I could not open my eyes, so full of tears.
“He promised to come and meet me.” I wiped my eyes and tried to raise my head, which was as unstable as a watermelon on a child’s neck. “We’re planning a new project; it’s a secret that I can’t reveal to you.”
“Take this pitcher of water and drink all of it, then get out of here you wreck!” she said and started off in the direction of the other customers.
“Do you think you have a future, but what is this future?! Where are we and our identity? Where will your baby girl, who will be born Jewish, place herself, how will she find a place in this strange society? We need to think about everything politicians don’t discuss, so people will come to us to hear it.” I was talking, but she’d already left, long ago she had become tired of hearing my lectures. It seemed that only the sun’s rays remained listening, for they surrounded me with lust.
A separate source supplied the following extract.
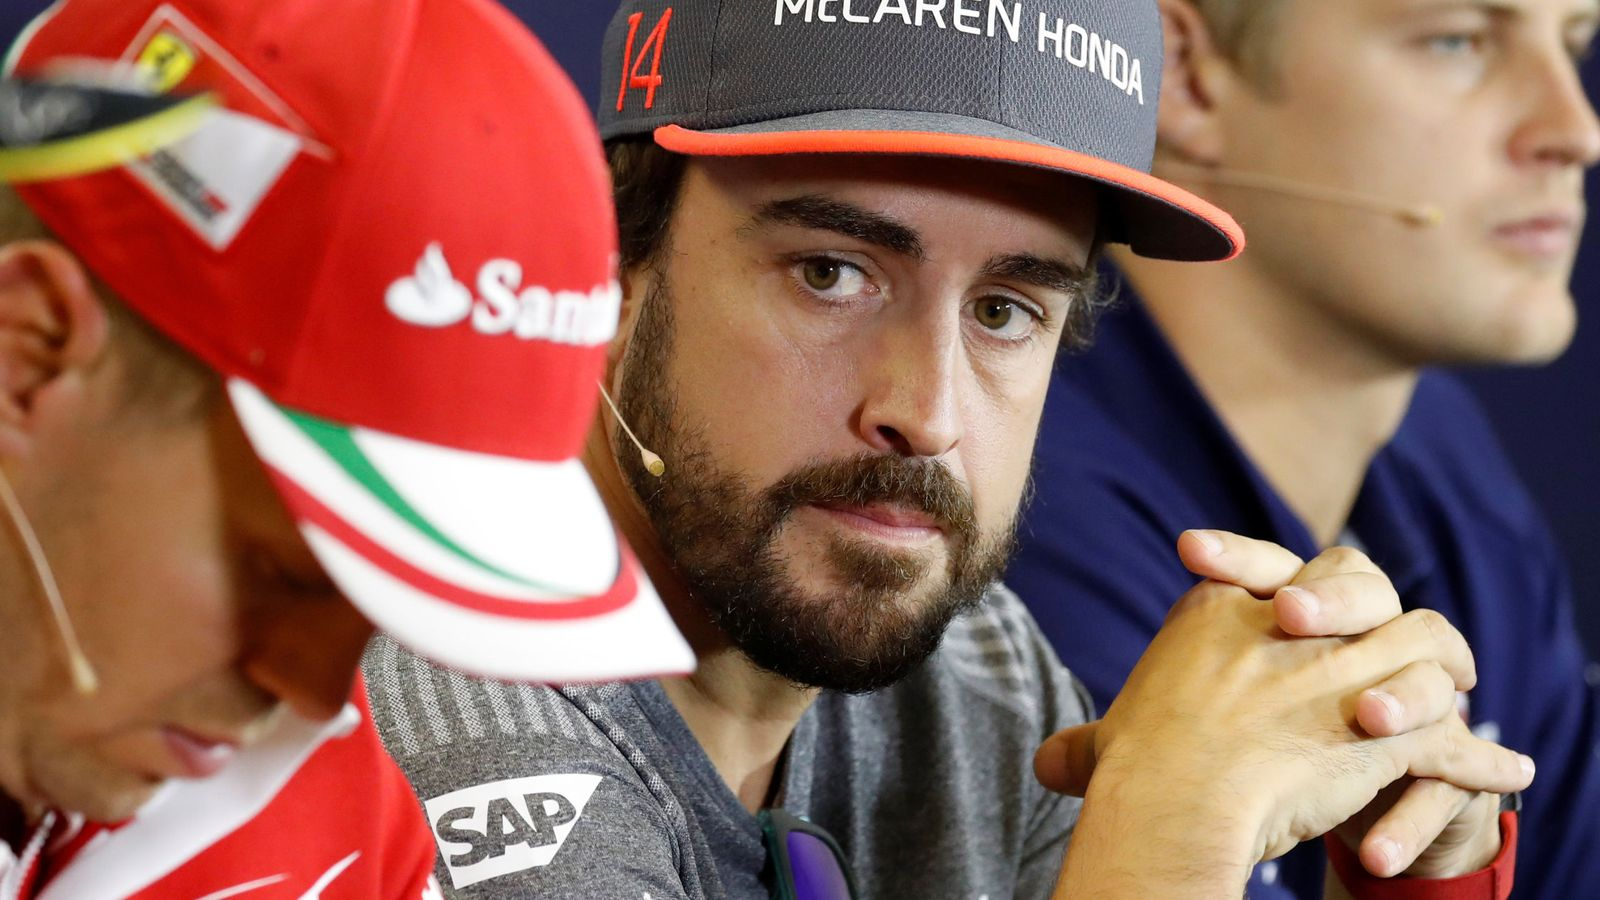 Foto: La vuelta de Alonso a la F1 depende de la decisión de Vettel. (Reuters)

Yasmin returned. I was joyful. Like the Milwaya, the path of a snail, the spiral of the remarkable building close to Samara. Swirling, like a walking mosque. And her beauty moving in and out, rising to the top, without sharp edges, she is all wisdom, directness, and circular penetration curling until she reaches far away. Maybe she will be the first minister of culture of Jewish origin in Iraq.
“Salah was here, saw how high you are, and left,” she said.
My head was about to explode. I took a sip of the water, and did not let go of the pitcher until I had drank it all, and I felt like a pitcher of water with a foggy head. Maybe he gave up on me because I’ve become too much of a stoner. Like rock bands that fire their drummer because he still thinks he’s in the seventies and does not understand that years have passed and today there is no point in self-destruction; instead we must go forward. I am totally stuck. Perhaps the Iraqis erased me as a Jew and I need to get passed them to discover my identity. But it’s enough of a reason to stay there, to find the place where they delete identity, to draw conclusions and find insight. I tried when I went with him, to think about it like this, but I went back to my old habits. Sometimes I dream that I’ll write and write all the time and publish and publish. But I am trapped in my erased thoughts that bring headaches without end.
I am filled with despair. If only I had the courage to change my life, to leave the migraine prayer for the simpler sound of a muezzin. The water reach the deserts of the ghetto of my body, spray drops, waves awaken like sprinkles in my soul, my spirit dances naked in a sea rising in golden sands. I feel something else. The headache drowns and stands in the corner like a punished schoolboy, awaiting its turn, knowing that the sun will dry the water soon; that this celebration, this great joy in the unending night, will leave me. But at these moments where I swim, I rise and move towards the house, I make decisions. I will stay in school, and once it ends I’ll look for a small place in the north, there in Kurdistan, and I will tell them about what I’ve seen. I will be poor, but will help those poorer than me. I will be a Jew beyond the margins and the borders of Iraq. The sun is blazing and again requests the headache dance, which rises, and my decisions dissolve as my feet barely carry me to the mattress that my mother turned over, after she prepared the food, did the laundry, sent my sisters to school. If only I was half as good as her. The family has given up on me already, as did he, and Yasmin. One day, oh Yasmin, I’ll be able to rise and twirl like a prayer, inside and out. Like Allah who sees me, asking me to rise with him, climb the sunrays to the top, but I am not ready yet.